Sam Vimes loves being a copper, but not so much His Grace when things have to be official, but after a magical “accident” caused by the Monks of History to send him 30 years into the past Vimes must make sure history happens like it did when he was a 17-year old newbie. Becoming his mentor Sergeant John Keel and second-in-command at his old Watch House, Vimes attempts to bring about the past he remembers so his “present” remains the same. Unfortunately for Vimes, a genius yet insane killer Carcer was brought back with him and has his own agenda—chaos and murder. Add in a revolution hitting Ankh-Morpork and Vimes is in for some very stressful days.
This isn’t the first time that Pratchett has done a little time travel in a Discworld novel, but it was the first in which it was the primary element in one. Vimes becoming the heroic mentor to his younger self, is somewhat cliché but Pratchett uses Vimes own grim view of the world to an advantage as starts to become imprinted on young Sam.

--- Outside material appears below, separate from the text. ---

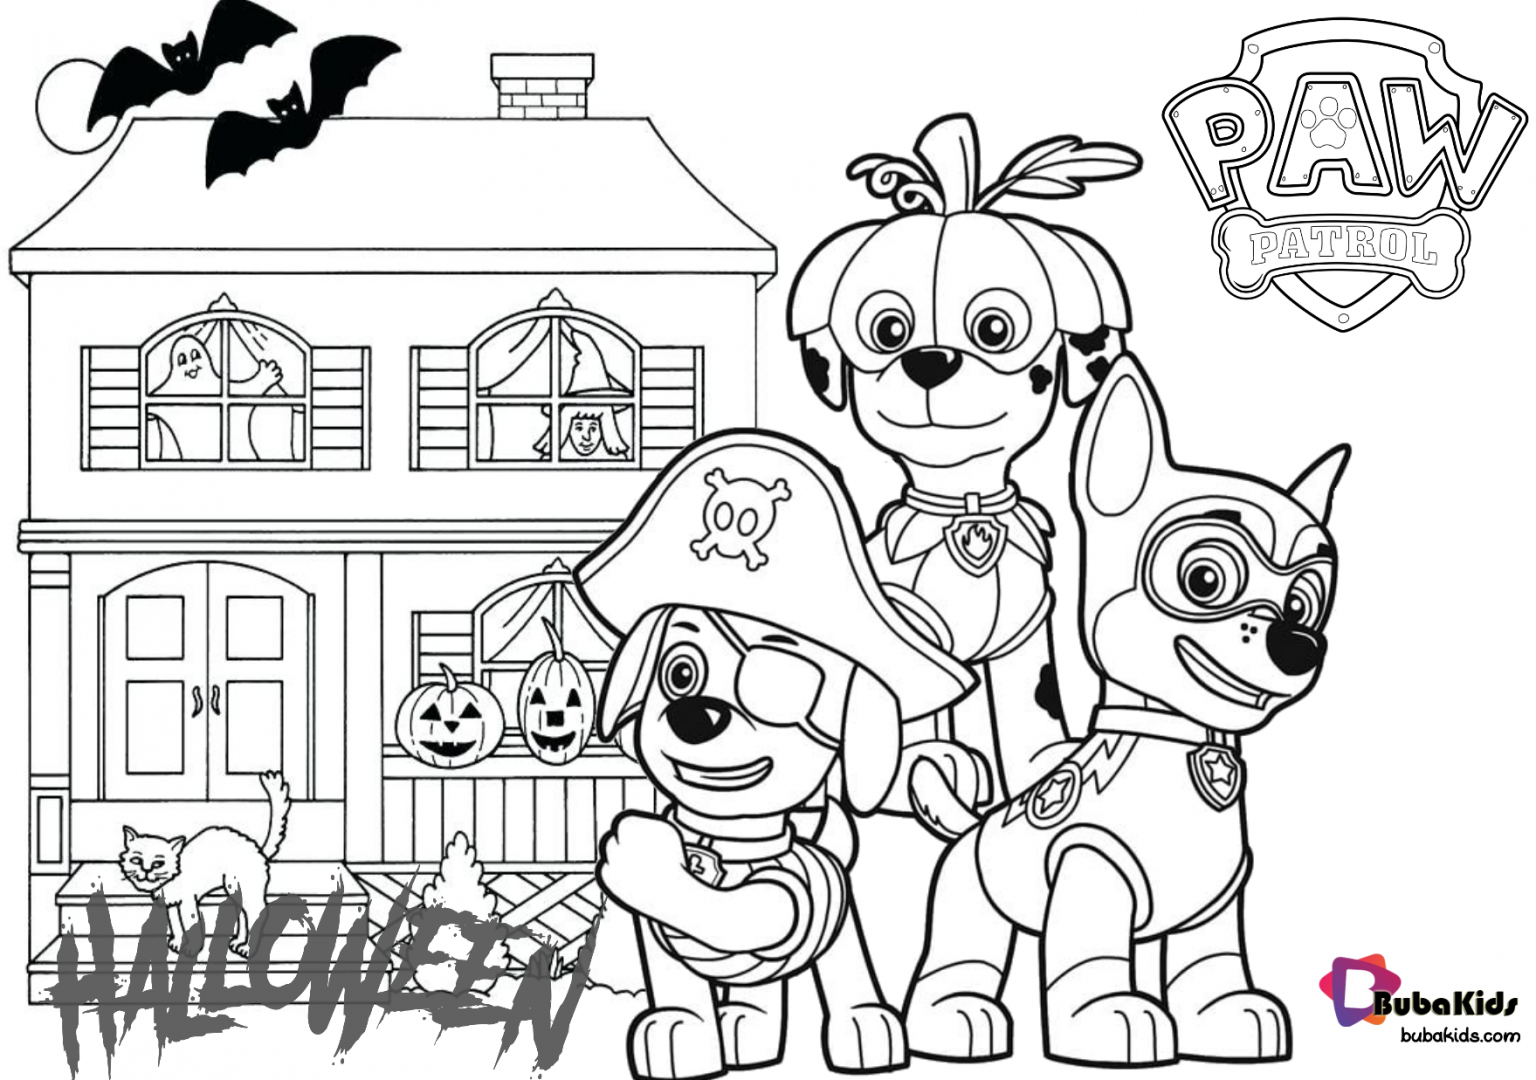 paw-patrol-halloween-haunted-house-coloring-pages-bubakids

Yet, Vimes existential fretting about messing up his future does get tiresome after him doing it so many times in the book that it almost seems that Pratchett was finding ways to take up page space.
Night Watch is an action-packed installment in the Discworld series that Pratchett writes fantastically with Sam Vimes as the protagonist, even with the overused existential fretting. Once again I’ve found a Watch book bringing out the best of Pratchett and the entire Discworld setting, I can only hope the other two books of the subseries will be the same.